Stocks that pay dividends are a major component of any well-constructed, long-term portfolio. That's because dividends drastically increase a stock's total return — your true rate of return including income and capital appreciation — over time and provide cushion when stocks decline.

Are dividend stocks a good way to build wealth? ›

A dividend is typically a cash payout for investors made quarterly but sometimes annually. Stocks and mutual funds that distribute dividends are generally on sound financial ground, but not always. Stocks that pay dividends typically provide stability to a portfolio but may not outperform high-quality growth stocks.

What are the benefits of dividend stocks? ›

There are a couple of reasons that make dividend-paying stocks particularly useful. First, the income they provide can help investors meet liquidity needs. And second, dividend-focused investing has historically demonstrated the ability to help to lower volatility and buffer losses during market drawdowns.

How do dividends and investments play into wealth? ›

Dividend investing can be a great investment strategy. Dividend stocks have historically outperformed the S&P 500 with less volatility. That's because dividend stocks provide two sources of return: regular income from dividend payments and capital appreciation of the stock price. This total return can add up over time.

Why do dividends still matter? ›

As dividends are a form of cash flow to the investor, they are an important reflection of a company's value. It is important to note also that stocks with dividends are less likely to reach unsustainable values. Investors have long known that dividends put a ceiling on market declines.

How do dividends impact the value of a share of stock? ›

After a stock goes ex-dividend, the share price typically drops by the amount of the dividend paid to reflect the fact that new shareholders are not entitled to that payment. Dividends paid out as stock instead of cash can dilute earnings, which can also have a negative impact on share prices in the short term.

How do dividends increase shareholder wealth? ›

After stock price drops proportionality caused by paying stock dividend, stock price generally increases in certain degree so stock dividend will increase circulating shareholders' wealth indirectly.
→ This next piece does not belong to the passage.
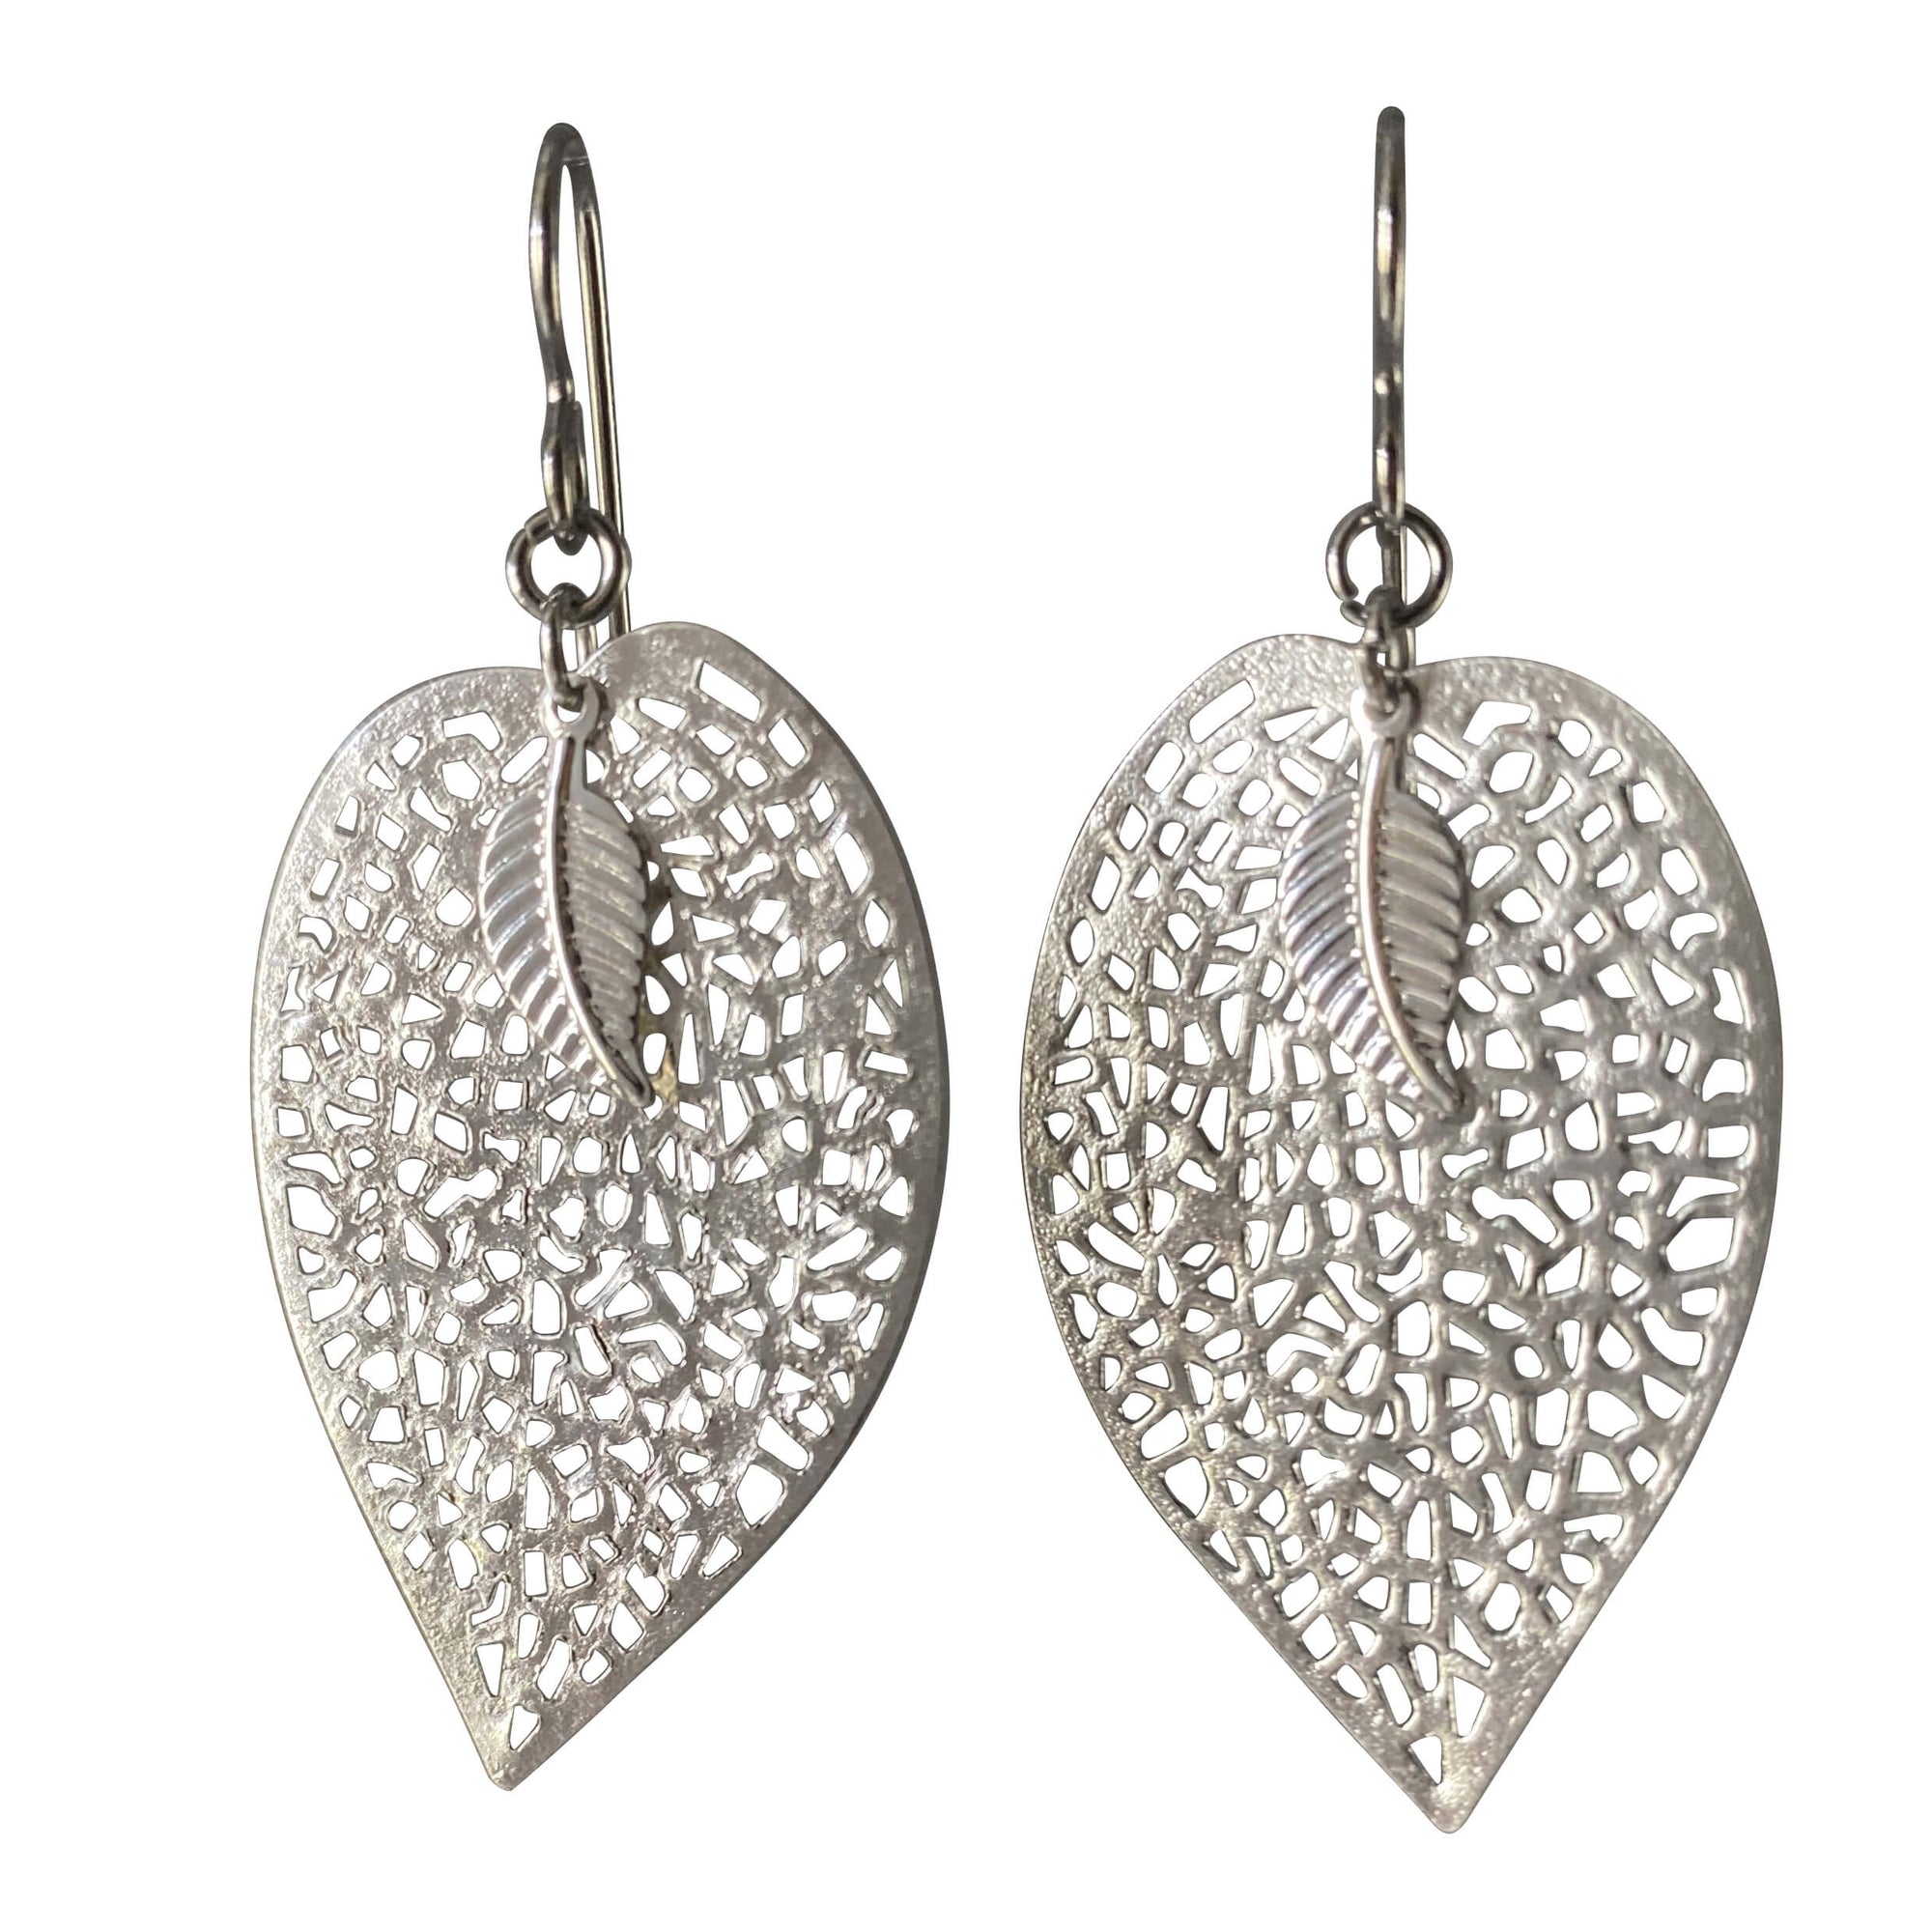 Silver Leaf Filigree Earrings for Sensitive Ears-Earrings- Creative Jewelry by Marcia

Do rich people buy dividend stocks? ›

Ultra-high-yield dividend stock No. 1 billionaires can't stop buying: AT&T (6.54% yield)
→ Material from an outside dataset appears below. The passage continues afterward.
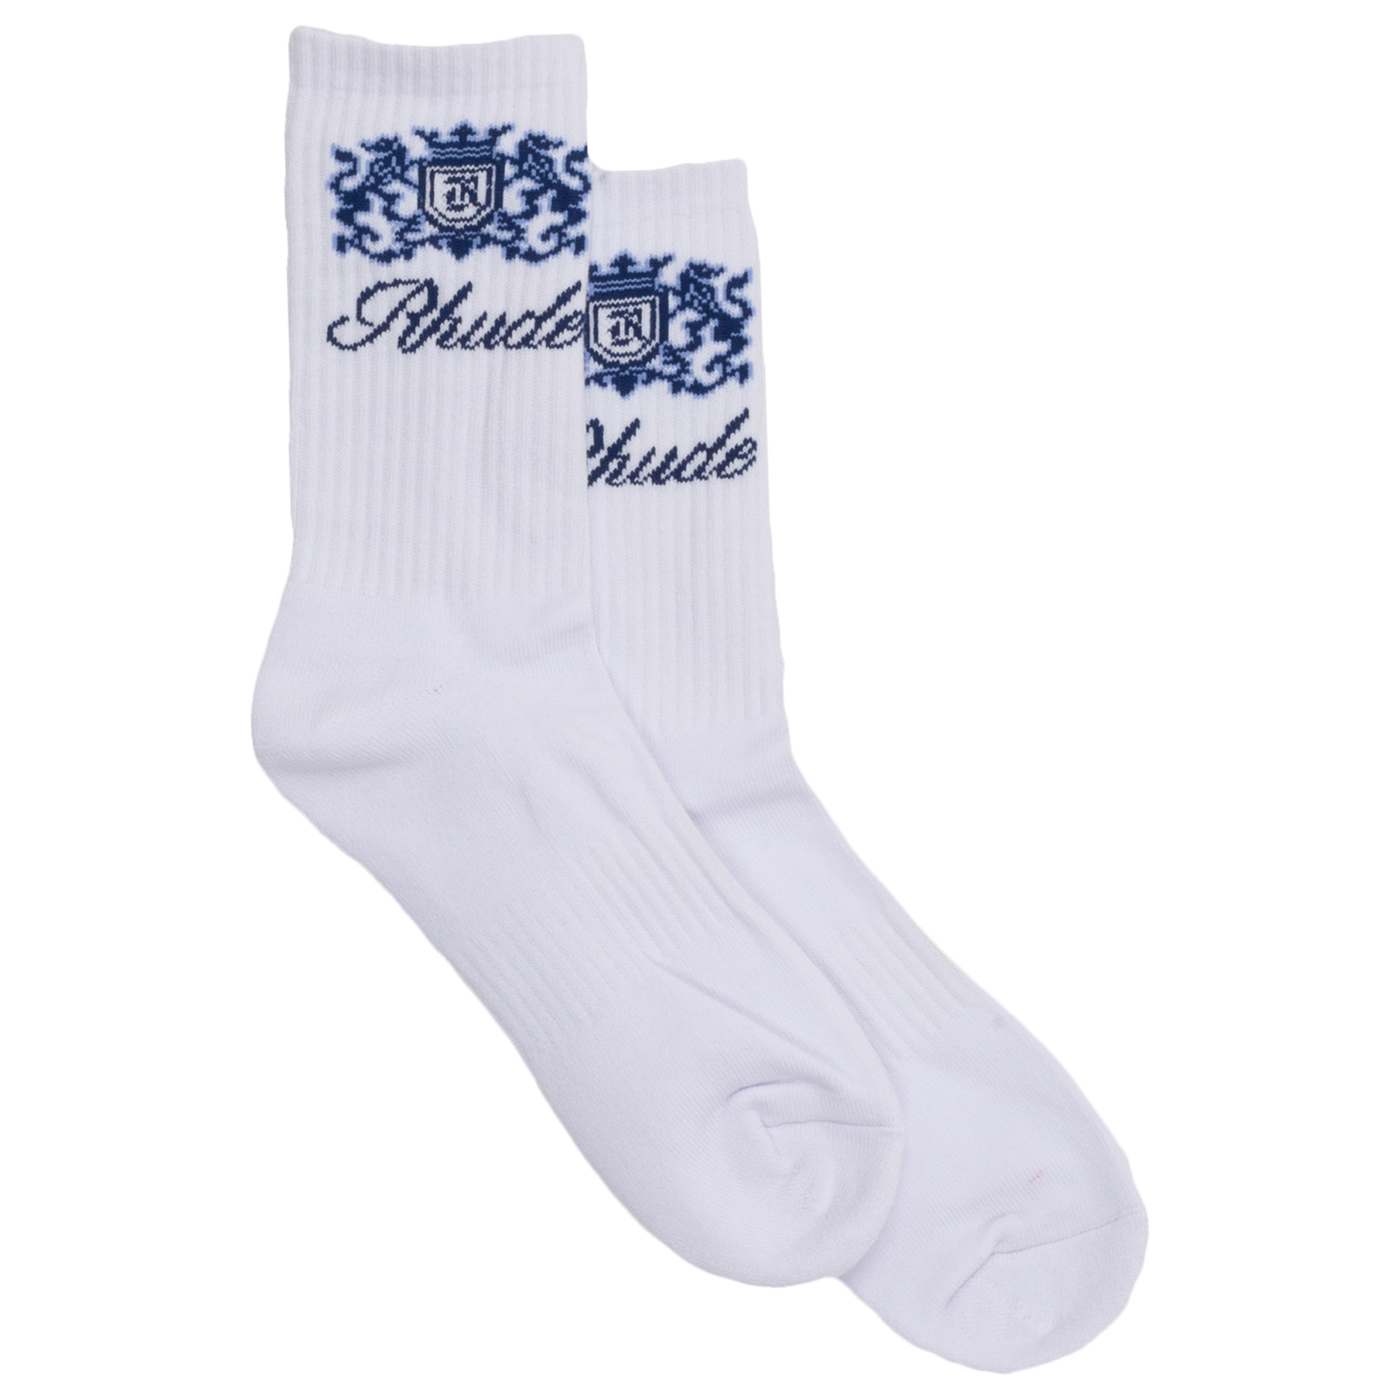 RHUDE Crest Logo Sock

Do dividends make you money? ›

Dividends can have a big impact on your portfolio over time. They can help generate income during retirement or earlier and can also be reinvested to increase your total investment return.

What are the pros and cons of stock dividends? ›

The Pros & Cons Of Dividend Stock Investing
  • Pro #1: Insulation From The Stock Market. ...
  • Pro #2: Varied Fluctuation. ...
  • Pro #3: Dividends Can Provide A Reliable Income Stream. ...
  • Con #1: Less Potential For Massive Gains. ...
  • Con #2: Disconnect Between Dividends & Business Growth. ...
  • Con #3: High Yield Dividend Traps. ...
  • Further Reading.
Nov 22, 2023

Why is dividend investing superior to growth? ›

Some of the advantages of dividend stocks are that they tend to outperform growth stocks, offer consistent cash flow at regular intervals, and because stocks that offer dividends typically indicate that a company is financially healthy enough to pay shareholders cash, the investment can be less risky.

What is the purpose of share dividend? ›

Why do companies pay dividends? Paying dividends allows companies to share their profits with shareholders, which helps to thank shareholders for their ongoing support via higher returns and to incentivise them to continue holding the stocks.

How is it possible that dividends are so important? ›

Key Takeaways. Companies that issue dividends can provide inherent fidelity to the financial state of the company; unhealthy companies are generally not in a position to provide dividends to their shareholders. Even during periods of recession, dividend stocks have historically shown growth.

Why is dividend per share important? ›

Dividend Per Share (DPS) is the total amount of dividends attributed to each individual share outstanding of a company. Calculating the dividend per share allows an investor to determine how much income from the company he or she will receive on a per-share basis.